A: Speaking on behalf of white/Caucasian women, I can confirm that our vaginas are not big, gaping, sensationless holes. I’ll also add that it never ceases to amaze me that men, when worrying about sensation, suggest that their partner’s vagina or anus might be too “big” or “loose” rather than consider that their penis might be a bit small. In reality, it is probably more useful to consider genital fit rather than the size of your own or your partner’s genitals. Sadly, I can’t confirm whether Asian women (in general) have smaller vaginas than do white women. There have been very few rigorous studies on vagina size, and the little work that has been done has not addressed this question, to my knowledge. However, the research does suggest that most vaginas are pretty similar in terms of size, so I’d be surprised if this is a vaginal issue that you keep running into. Some sex therapists have found that men who have difficulty ejaculating during vaginal intercourse—but not other types of sex—have concerns about getting their partner pregnant or else may have other psychological issues related to vaginal sex (e.g., guilt, etc.).
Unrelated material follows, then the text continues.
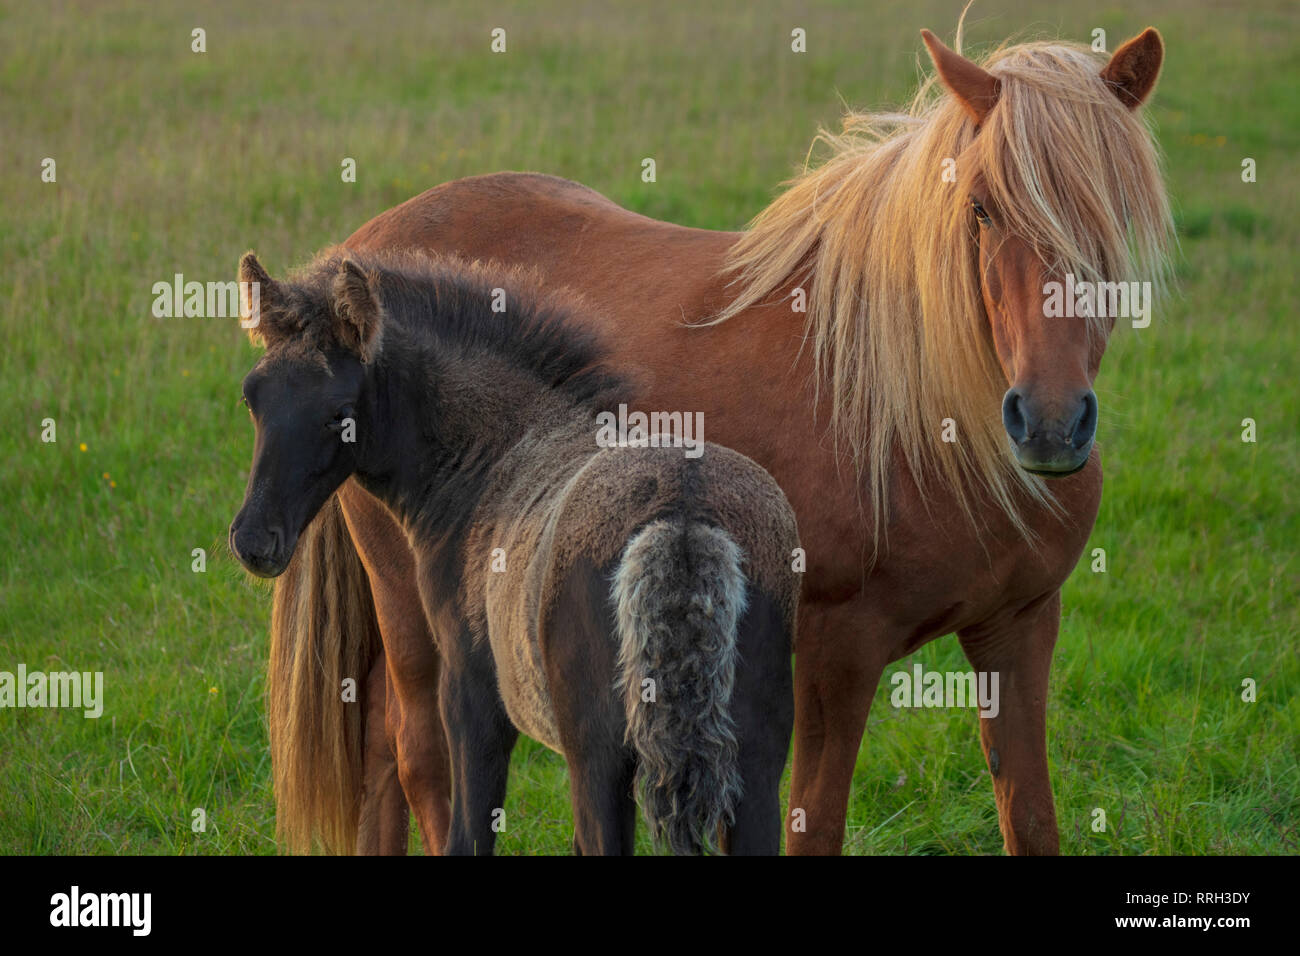 Icelandic horse and foal in a field near Hella, Sudhurland, Iceland. Stock Photo

I’m not saying this is true for you, but it may be worth exploring (visit www.aasect.org to locate a sex therapist). Alternatively, you may find that reading a book with your girlfriend such as For Each Other: Sharing Sexual Intimacy (Signet, $8) helps you to explore your relationship in ways that enhance your sex life.
Q: Is there a physical/reproductive function for women’s orgasms? Do they do anything other than maybe just making sex enjoyable?
A: It depends on whom you ask. Some evolutionary-focused researchers have speculated that the contractions associated with a woman’s orgasm might help to bring sperm toward the uterus, thus increasing her chances of pregnancy. But the research hasn’t fully supported that mechanism. Researchers have suggested a range of advantages for women’s orgasm (e.g., pair bonding, identifying “Mr. Right”) but it is unclear what purpose, if any, they serve, or if they are just for fun. For an in-depth analysis of the female orgasm and evolutionary theories (and which ones don’t seem to hold water, let alone sperm), check out The Case of the Female Orgasm: Bias in the Science of Evolution (Harvard University Press, $27.95).